Common Sites of Retroviral Integration in Mouse Hematopoietic Tumors Identified by High-Throughput, Single Nucleotide Polymorphism-Based Mapping and Bacterial Artificial Chromosome Hybridization

Haifa Shen 1,, Takeshi Suzuki 1, David J Munroe 2, Claudia Stewart 2, Lynn Rasmussen 2, Debra J Gilbert 1, Nancy A Jenkins 1, Neal G Copeland 1,*
PMCID: PMC140841  PMID: 12502872

Abstract

Retroviral insertional mutagenesis in mouse hematopoietic tumors provides a powerful cancer gene discovery tool. Here, we describe a high-throughput, single nucleotide polymorphism (SNP)-based method, for mapping retroviral integration sites cloned from mouse tumors, and a bacterial artificial chromosome (BAC) hybridization method, for localizing these retroviral integration sites to common sites of retroviral integration (CISs). Several new CISs were identified, including one CIS that mapped near Notch1, a gene that has been causally associated with human T-cell tumors. This mapping method is applicable to many different species, including ones where few genetic markers and little genomic sequence information are available. It can also be used to map endogenous proviruses.

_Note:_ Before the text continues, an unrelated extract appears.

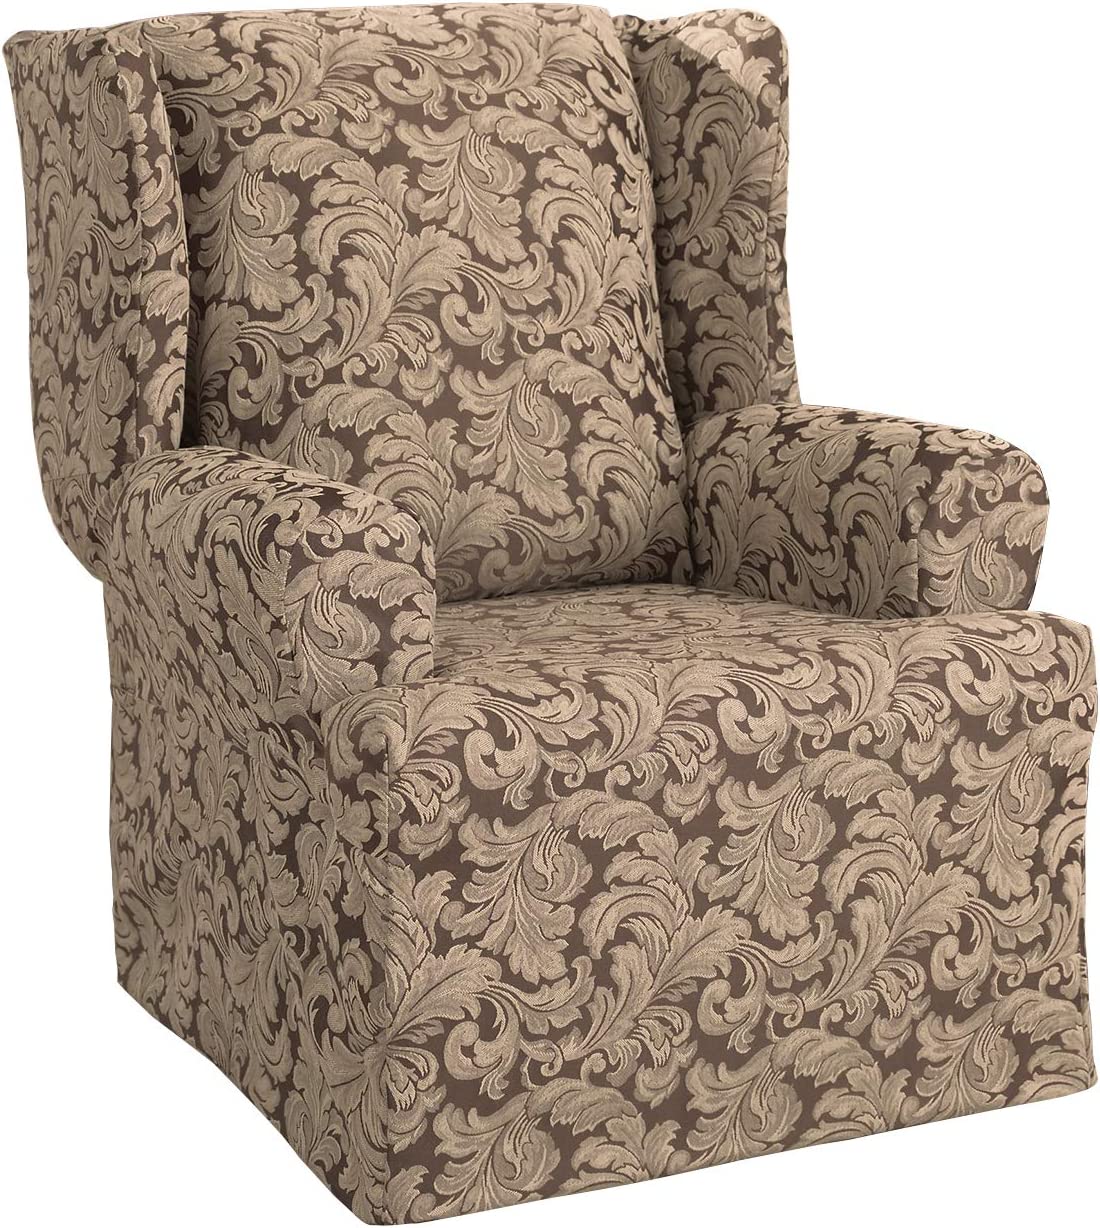 Surefit Scroll Damask Box Cushion Wing Chair One Piece Slipcover, Relaxed Fit, Cotton/Polyester, Machine Washable, Brown - image 1 of 4

Retroviruses induce leukemia or lymphoma by randomly integrating into the genome and activating cellular proto-oncogenes or inactivating tumor suppressor genes. The retroviral integration sites in these tumors thus provide powerful genetic tags for cancer gene discovery (2, 8). Several disease genes identified by retroviral tagging in mouse tumors have also been causally associated with human disease (5, 12, 14, 16), validating the usefulness of this method for human cancer gene discovery.

Recently, an inverse PCR (IPCR) method was developed for cloning retroviral integration sites from mouse leukemias and lymphomas that dramatically increases the throughput of retroviral tagging for cancer gene discovery (12). This IPCR method was used to clone 419 retroviral integration sites from BXH2 myeloid leukemias and a few AKXD B- and T-cell tumors. Approximately 1.2 to 1.4 kb of mouse genomic DNA was then sequenced from each IPCR product, and the sequences, termed proviral tagged sequences (PTSs), were compared with one another to look for sequence overlaps. Sequence overlaps for PTSs cloned from different tumors indicate a common viral integration site (CIS). The probability that two or more PTSs among the 419 PTSs scored would be located in the same small region of the genome by chance alone is very low and suggests that this region contains a disease gene that is mutated by viral integration. The PTSs were also BLAST searched against the nonredundant and expressed sequence tag databases to look for coding regions of known genes or for homology with already published CISs. In this way, 13% of the PTSs could be localized to known CISs, while 11% could be localized to novel CISs. Another 10% of sequences identified known genes, but these genes were hit only once in the tumor panel, while 8% hit expressed sequence tags of unknown function. Fifty-eight percent of the sequences were noninformative.

Since retroviral integrations can cause disease by affecting gene expression over long distances (tens or even hundreds of kilobases) (11), it is possible that some of the noninformative PTSs in these experiments were also located at CISs but were missed because only a limited amount of mouse genomic sequence information was available for each IPCR product. To determine whether any of the noninformative PTSs are also located at CISs and to better estimate the percentages of PTSs that are located at CISs, we determined the chromosomal location of 131 of these noninformative PTSs with the Frederick Interspecific Backcross Mapping Panel (IBMP) (4). Cosegregation of two or more noninformative PTSs in the Frederick IBMP provides suggestive evidence of a CIS. Physical mapping with mouse bacterial artificial chromosomes (BACs) was then used to further localize these sequences in the mouse genome.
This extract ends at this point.